_Exercise prompt_
Taking the data below, please print only the lines from the line holding "Energielabel Reiskameraad 12 Eindhoven" to the line holding "なにわ男子 - 魔法ヶ丘", inclusive, with pictures omitted.

_Supplied information_
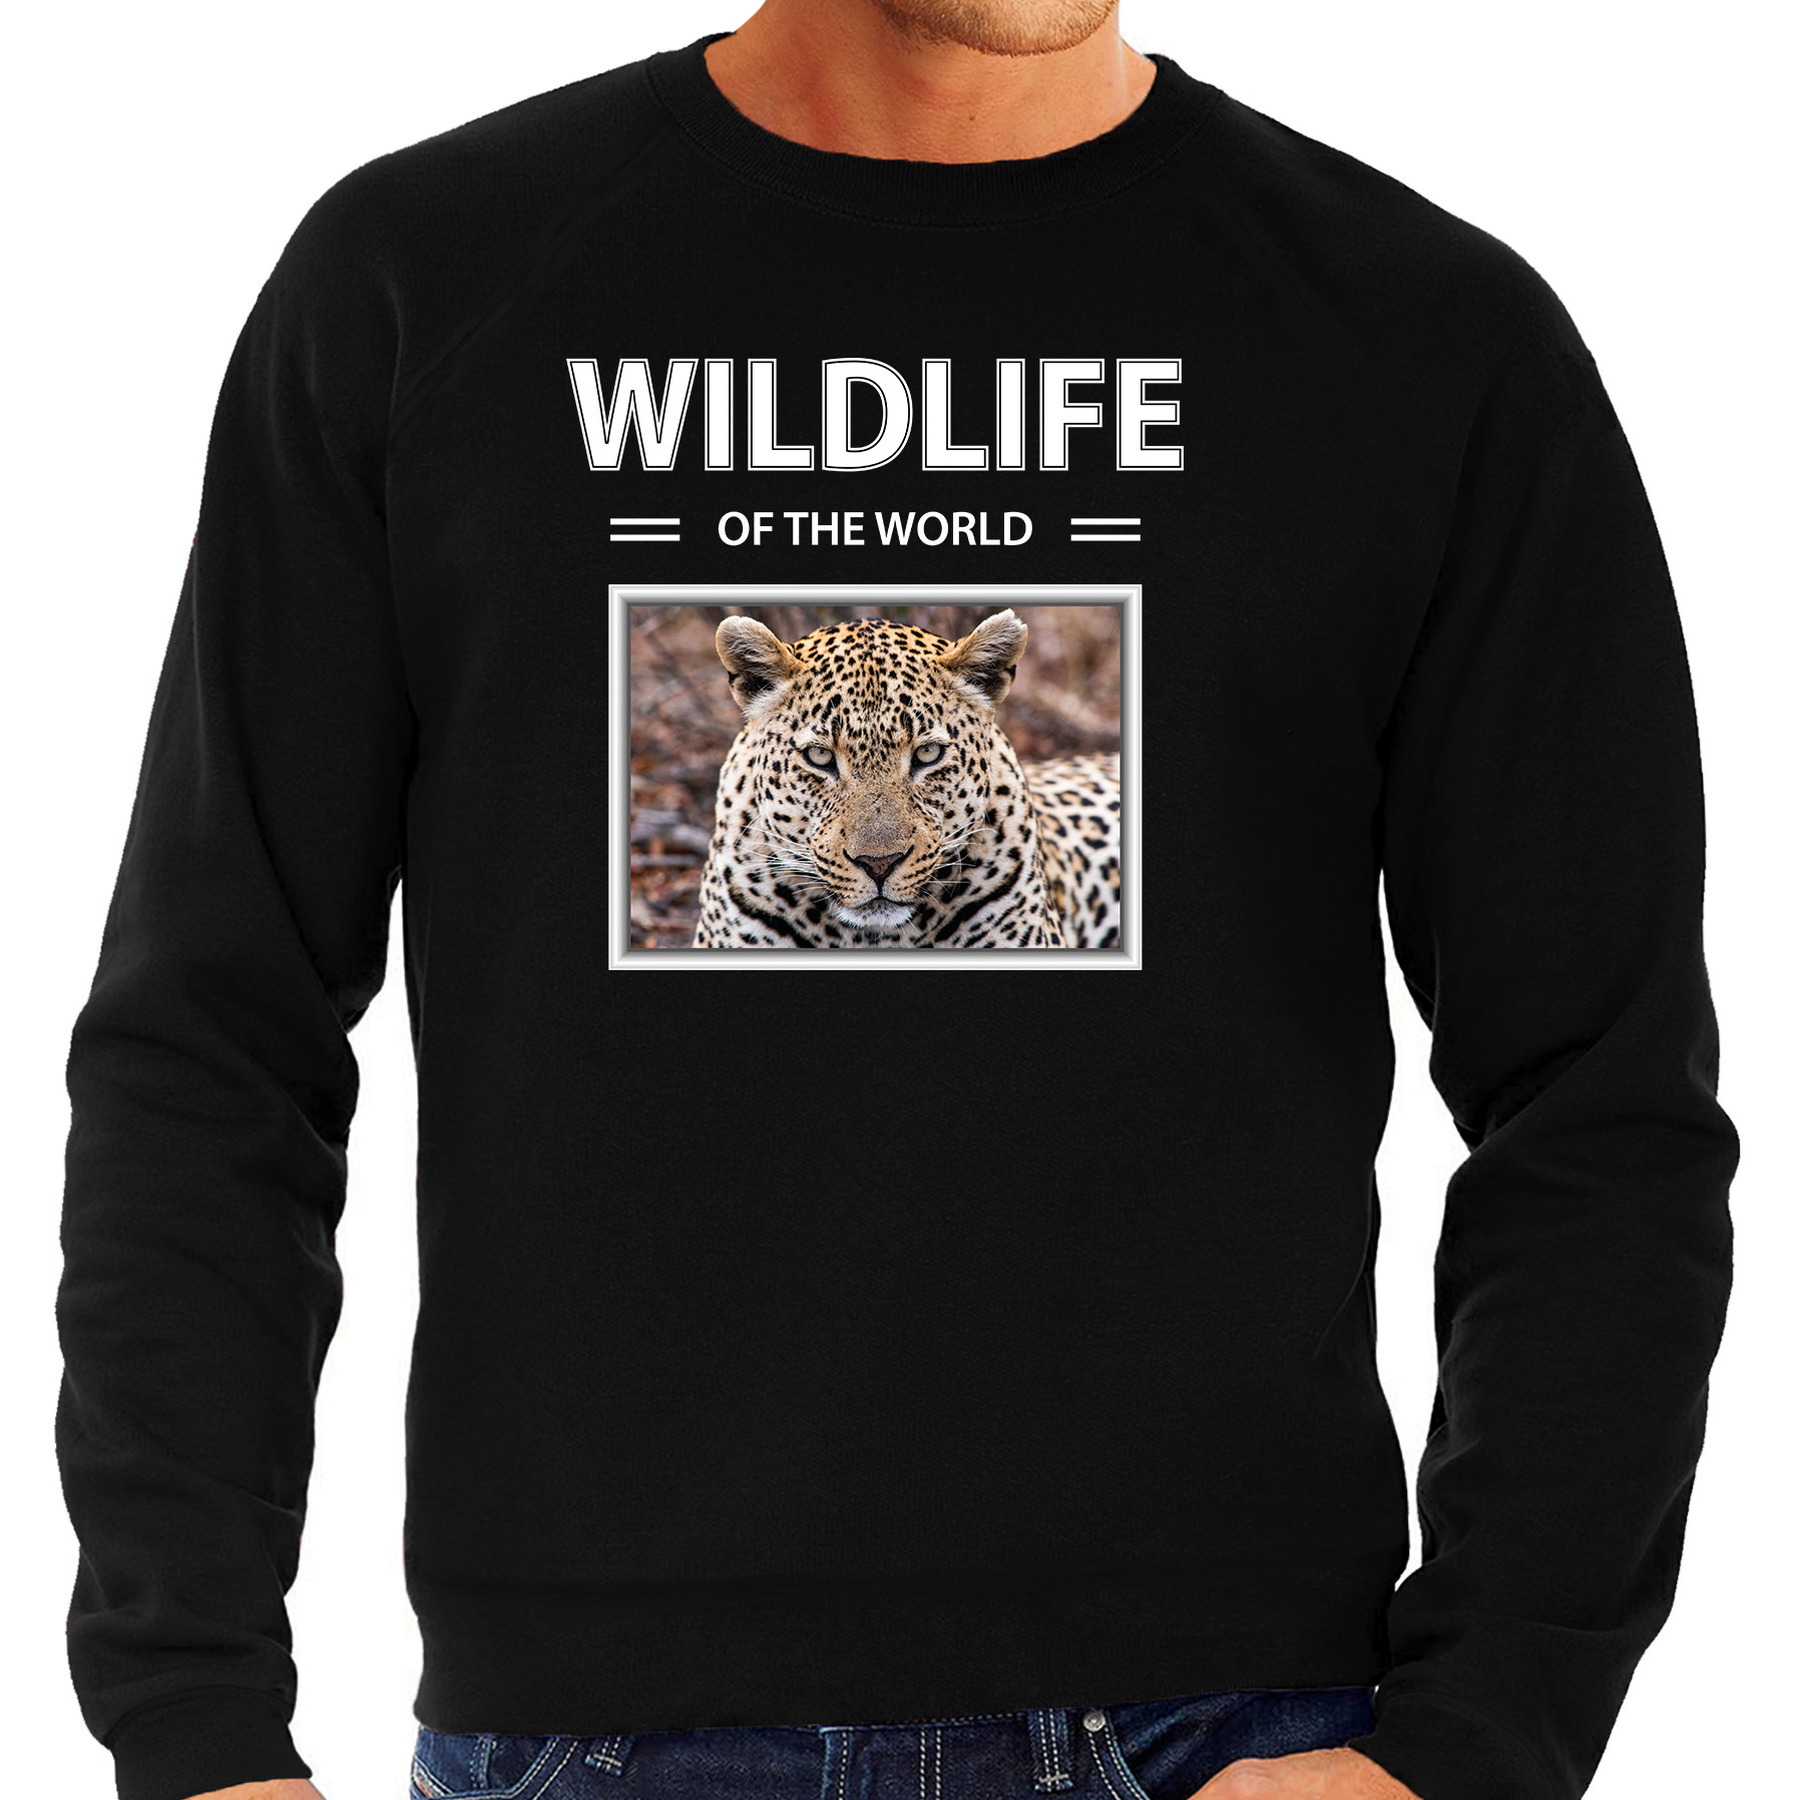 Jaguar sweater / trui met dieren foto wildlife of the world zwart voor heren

...

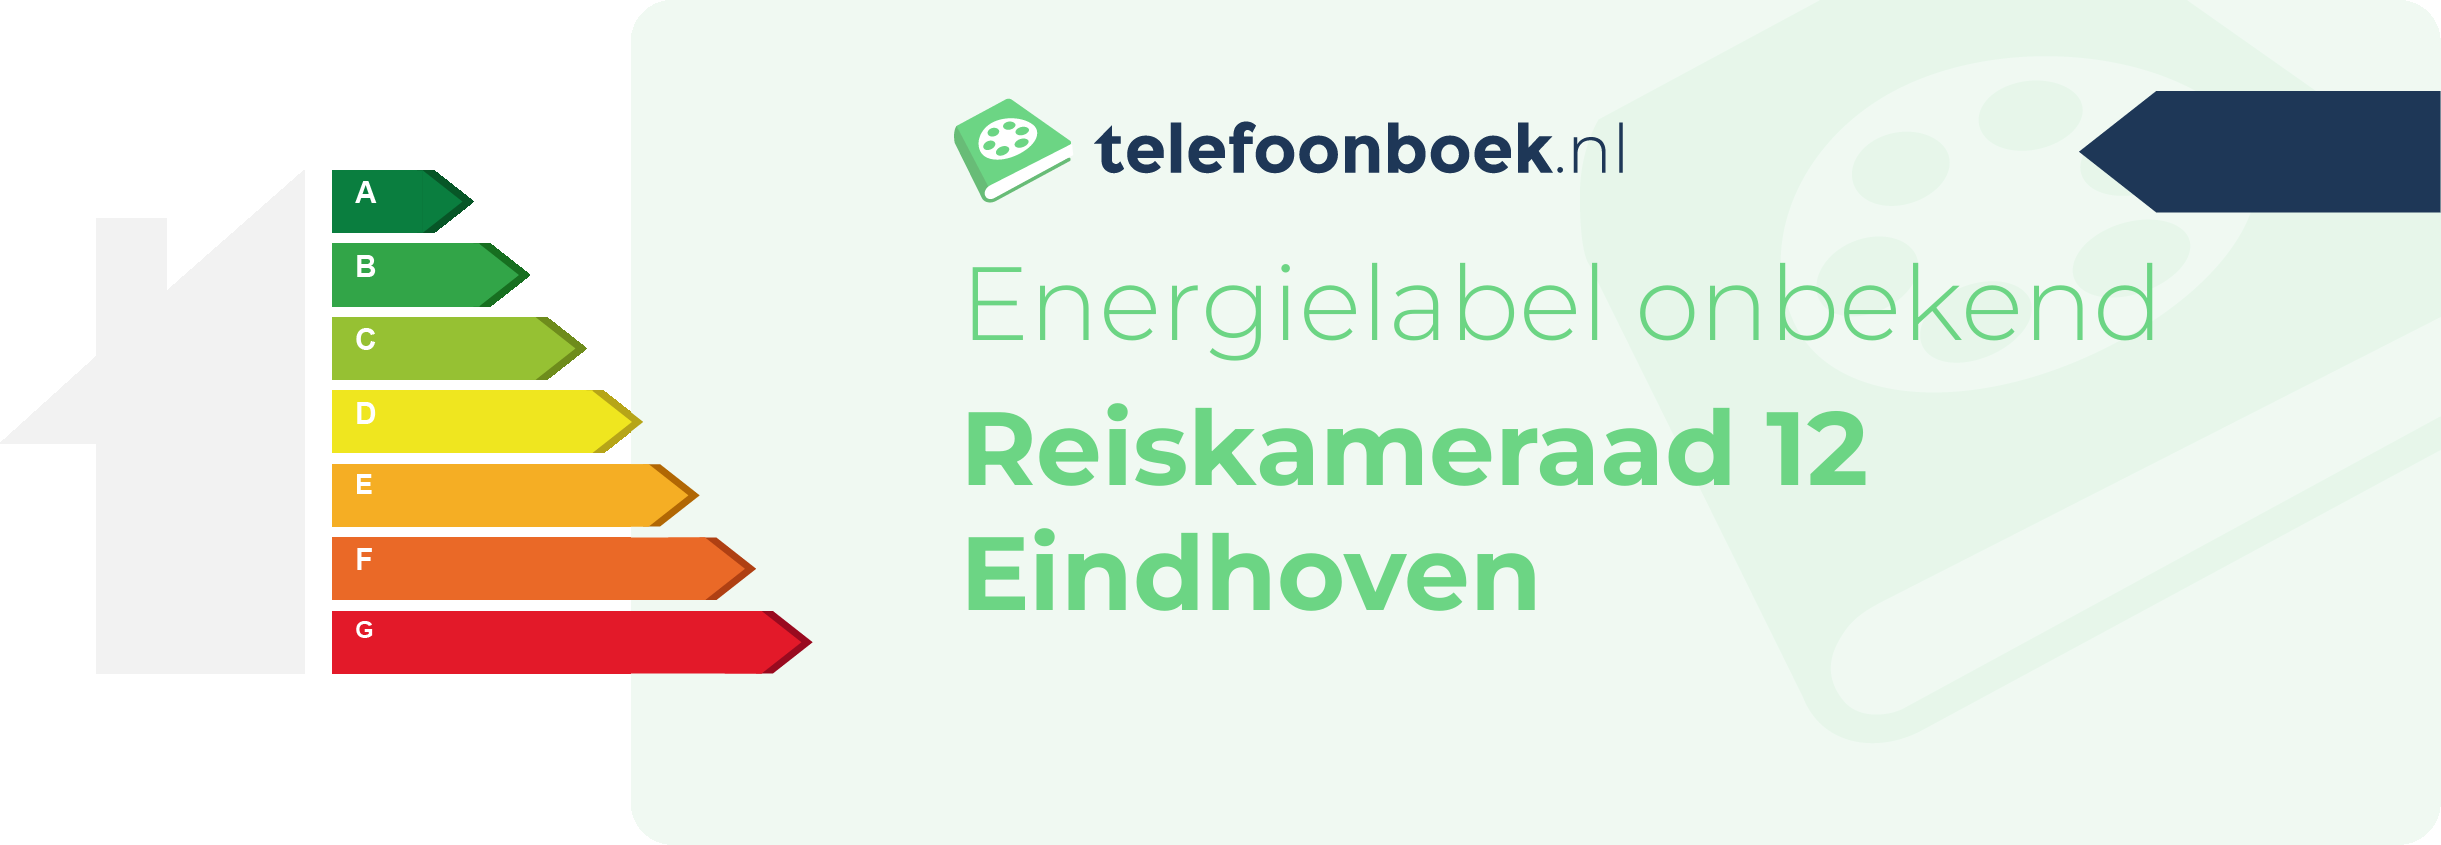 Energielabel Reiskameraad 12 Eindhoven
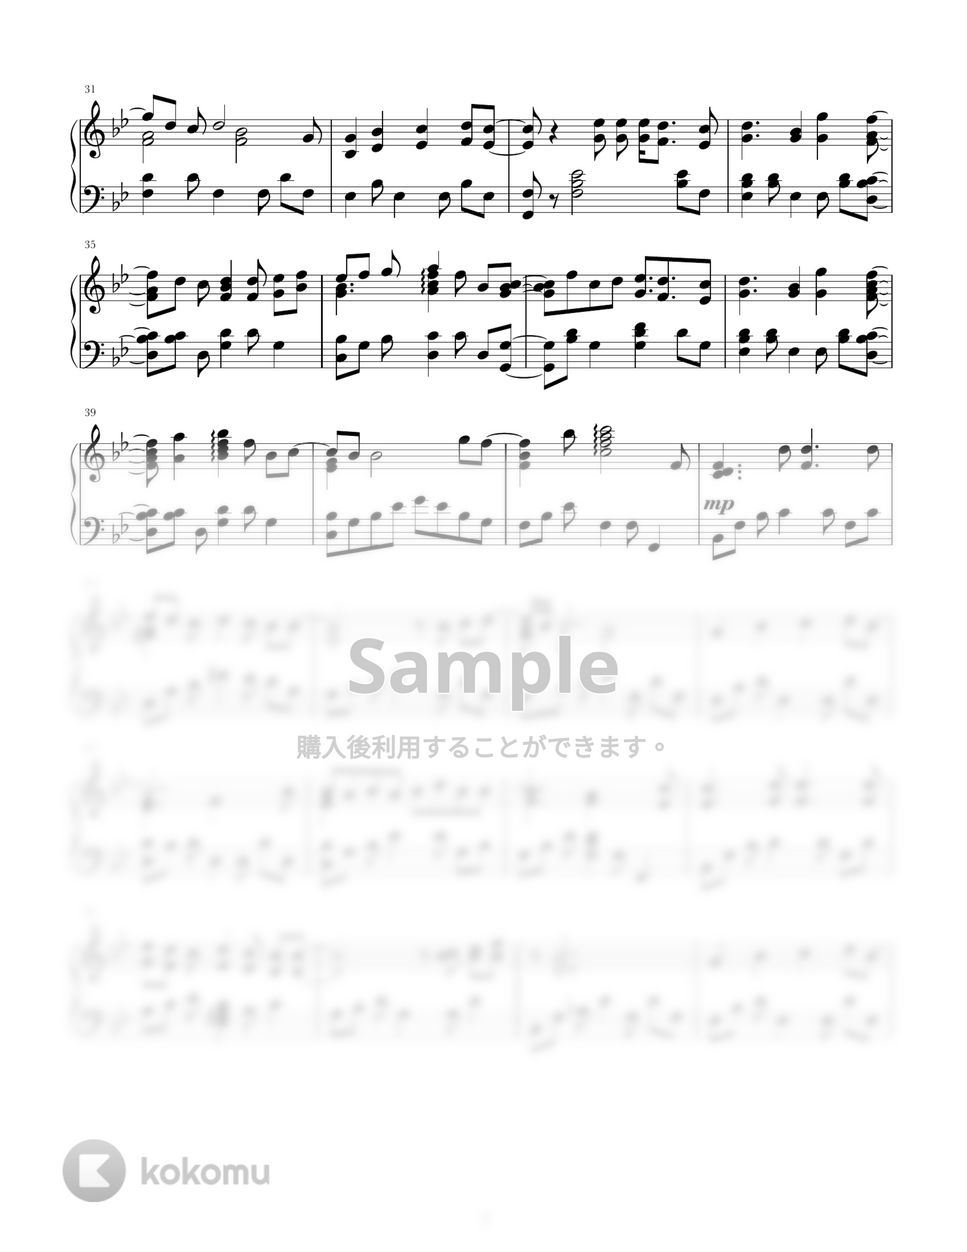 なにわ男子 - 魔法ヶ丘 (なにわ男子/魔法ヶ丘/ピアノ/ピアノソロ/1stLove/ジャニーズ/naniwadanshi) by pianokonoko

_Solution below_
 Energielabel Reiskameraad 12 Eindhoven
 なにわ男子 - 魔法ヶ丘 (なにわ男子/魔法ヶ丘/ピアノ/ピアノソロ/1stLove/ジャニーズ/naniwadanshi) by pianokonoko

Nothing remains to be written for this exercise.